I play keyboards as well. I only have 6 months of piano lessons behind my belt, but even though I'm not as comfortable with keyboards as I am with guitar, over years of just playing around on the piano, I've become comfortable writing songs on keyboards as well. And I still have no idea what chords I'm playing, or for that matter, what notes I'm playing. I didn't even deliberately teach myself, I just played the keyboard often enough that I got to know it like a friend. Sort of like how people learn a language. Most of the time, you can't just be taught a language. You have to go out into the world and interact with people who speak that language on a regular basis. I'm definitely not proficient at keyboards, but I'm comfortable improvising with them. I learned the guitar the same way. I had maybe a few months of guitar lessons when I was 13 (though I had been teaching myself guitar for about 3 years before that), but now, learning and writing with the guitar (even very complex finger-picking patterns and hammering) is so easy for me that it's nearly automatic. I'm not saying I'm the best guitarist ever, but I can play folk-style and perform solos easily, and I learned all of this through intuition.

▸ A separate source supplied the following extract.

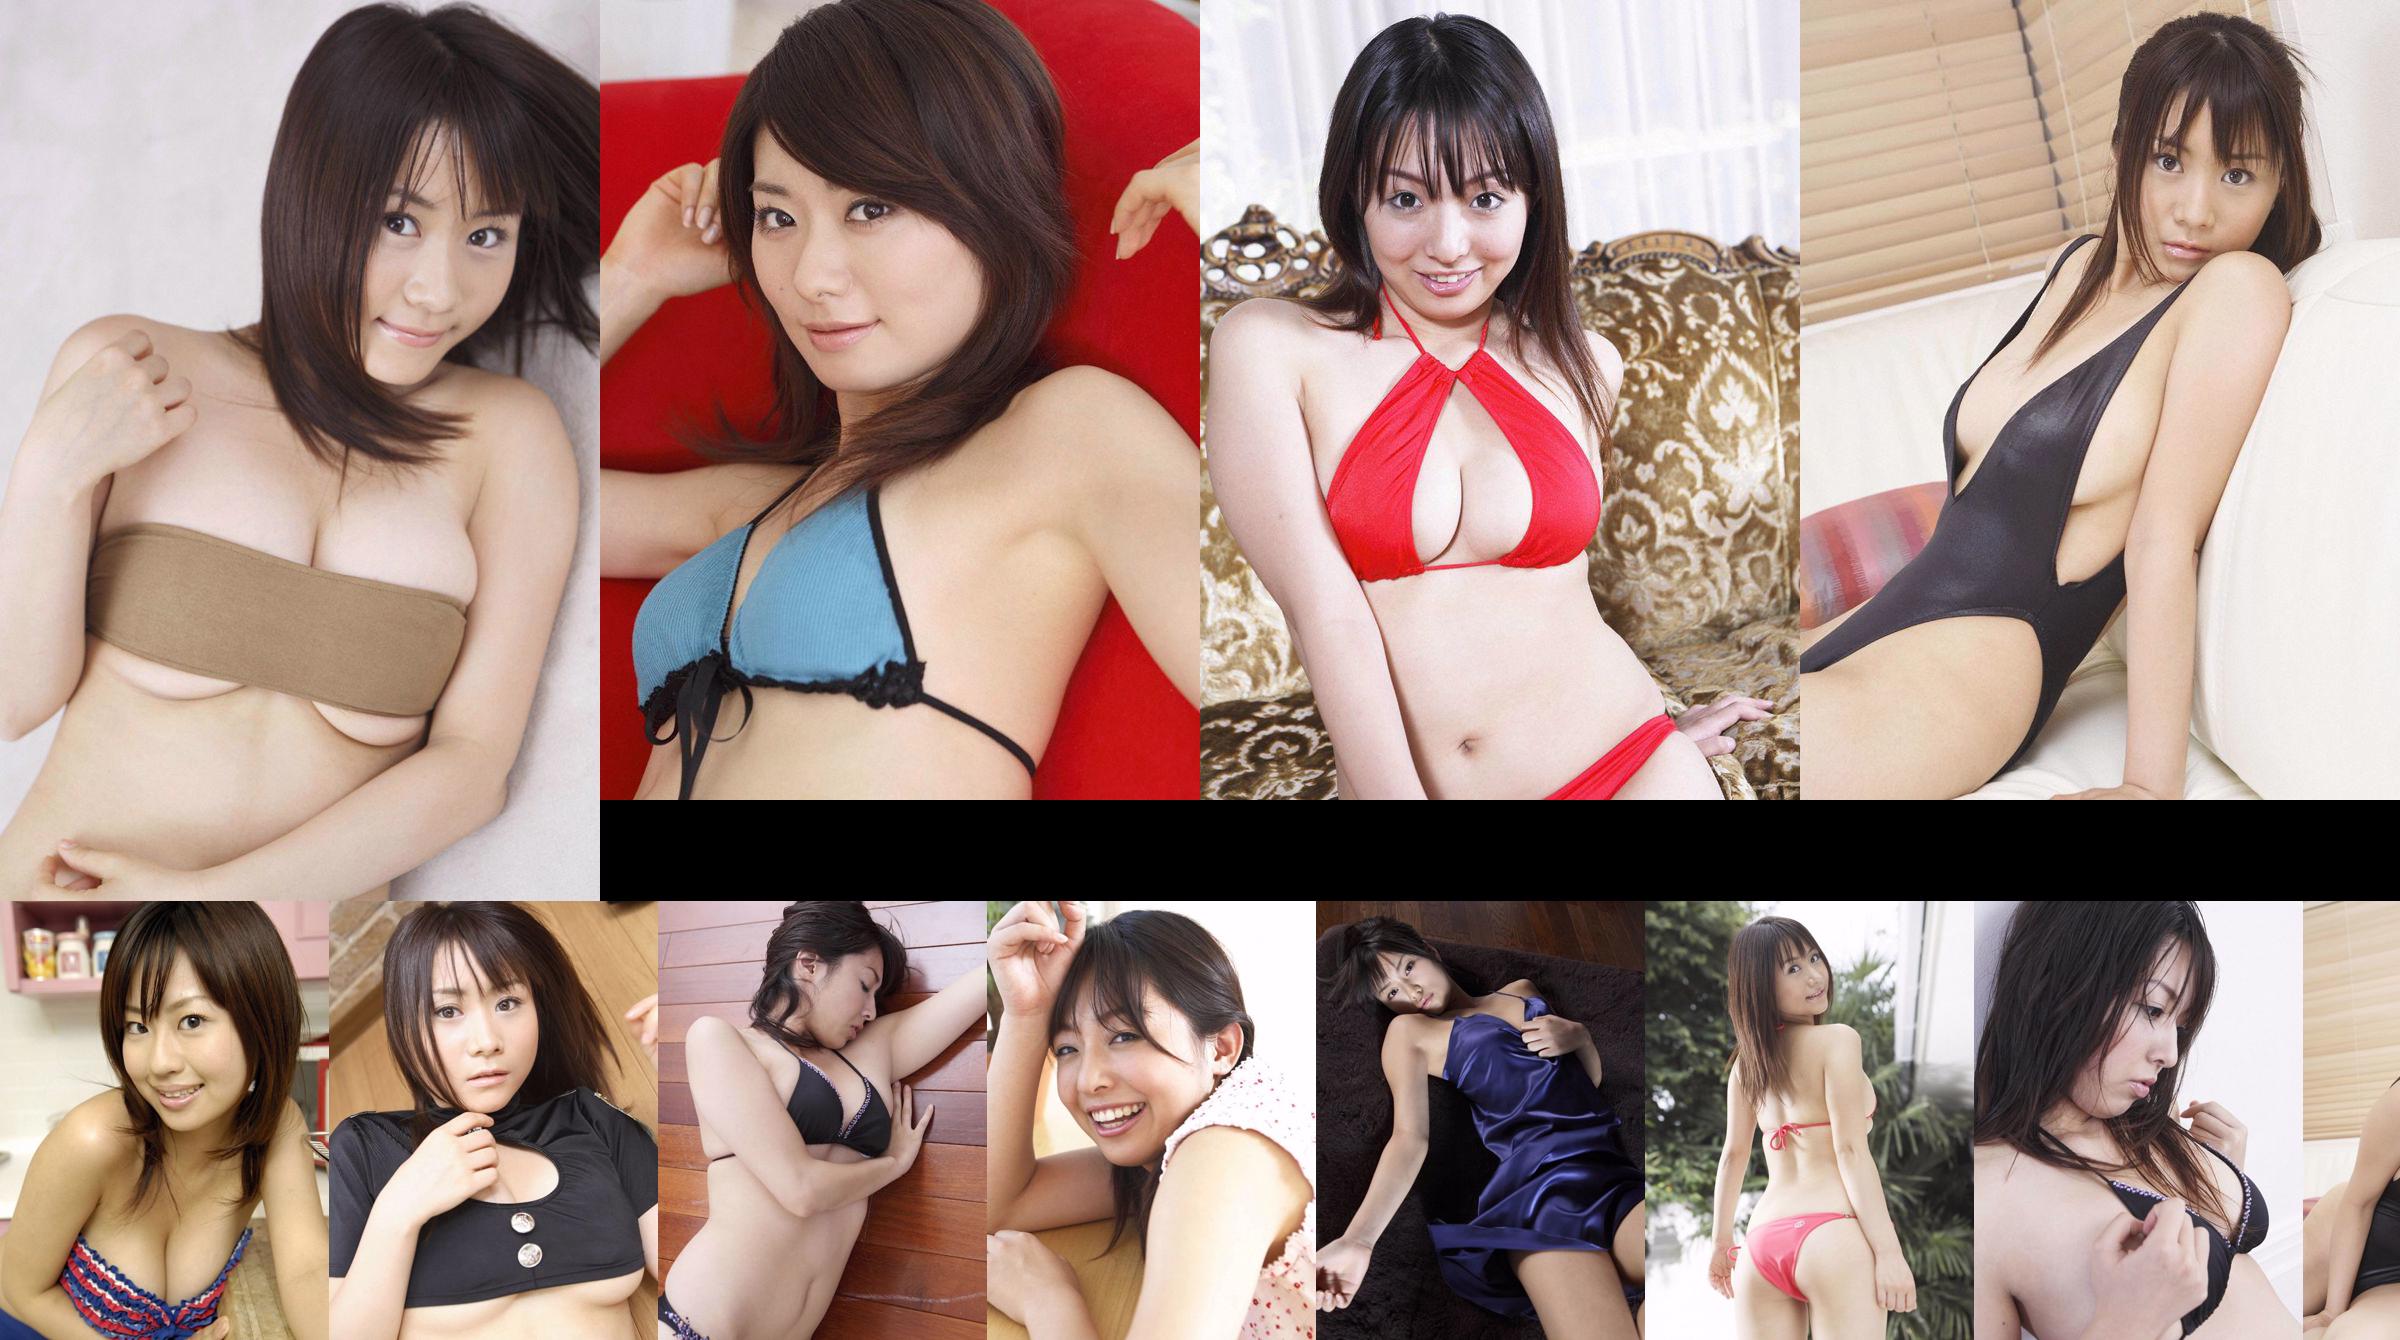 [Wanibooks] NO.37 Ai Arakawa, Hitomi Kaikawa, Hitomi Kitamura, Naomi I, Chii Matsuda Photo Collection No.39aa28 Page 4

So my point isn't so much that it's purely an INFJ or an INFP thing, but it's an intuitive thing in general.


----------



## nkeso (Jul 14, 2012)

hello, lollard!  
self-taught INFJ guitar player here too. i'm really glad there are people like you. my family (both parents are musicians) says that it's impossible to perform well/improvise without learning to play an instrument with a teacher's help. i think it's more of a feeling thing - you play what you feel. and you practise a lot, even better ideas of sounds come to your mind.


----------



## Surreal Snake (Nov 17, 2009)

I have played guitar for 30 years.At first a friend showed me some stuff then I mostly figured it out on my own.Been a lifelong joy for me..Welcome to the jungle.


----------



## Jewl (Feb 28, 2012)

lollard said:


> *Julia*: I don't mean to assert that playing by ear is type specific. Certainly, anyone can learn to play by ear. But I would assume (and I might be completely wrong) that, in general, intuitives are better at it. At least in my case, I know that my ability to play richly complex music without knowing theory comes from my intuition. But it's not just playing by ear I'm talking about. It's a type of connecting to what I'm playing. Like I said, it's this feeling like I'm "tuning in." It's using improvisation to write. For example, when I say, "I wrote a song," no actual writing has taken place. I only say that because its idiomatic to say I "wrote" the song. What really happened was I improvised until it formed together into a single piece that I just tend to remember. I probably will write down the lyrics, but everything else remains in my head. I'm sure many songwriters do this, intuitive or not, but I'm very connected to this process and I can't imagine doing it any other way even if I tried.
> 
> I play keyboards as well. I only have 6 months of piano lessons behind my belt, but even though I'm not as comfortable with keyboards as I am with guitar, over years of just playing around on the piano, I've become comfortable writing songs on keyboards as well. And I still have no idea what chords I'm playing, or for that matter, what notes I'm playing. I didn't even deliberately teach myself, I just played the keyboard often enough that I got to know it like a friend. Sort of like how people learn a language. Most of the time, you can't just be taught a language. You have to go out into the world and interact with people who speak that language on a regular basis. I'm definitely not proficient at keyboards, but I'm comfortable improvising with them. I learned the guitar the same way. I had maybe a few months of guitar lessons when I was 13 (though I had been teaching myself guitar for about 3 years before that), but now, learning and writing with the guitar (even very complex finger-picking patterns and hammering) is so easy for me that it's nearly automatic. I'm not saying I'm the best guitarist ever, but I can play folk-style and perform solos easily, and I learned all of this through intuition.
> 
> So my point isn't so much that it's purely an INFJ or an INFP thing, but it's an intuitive thing in general.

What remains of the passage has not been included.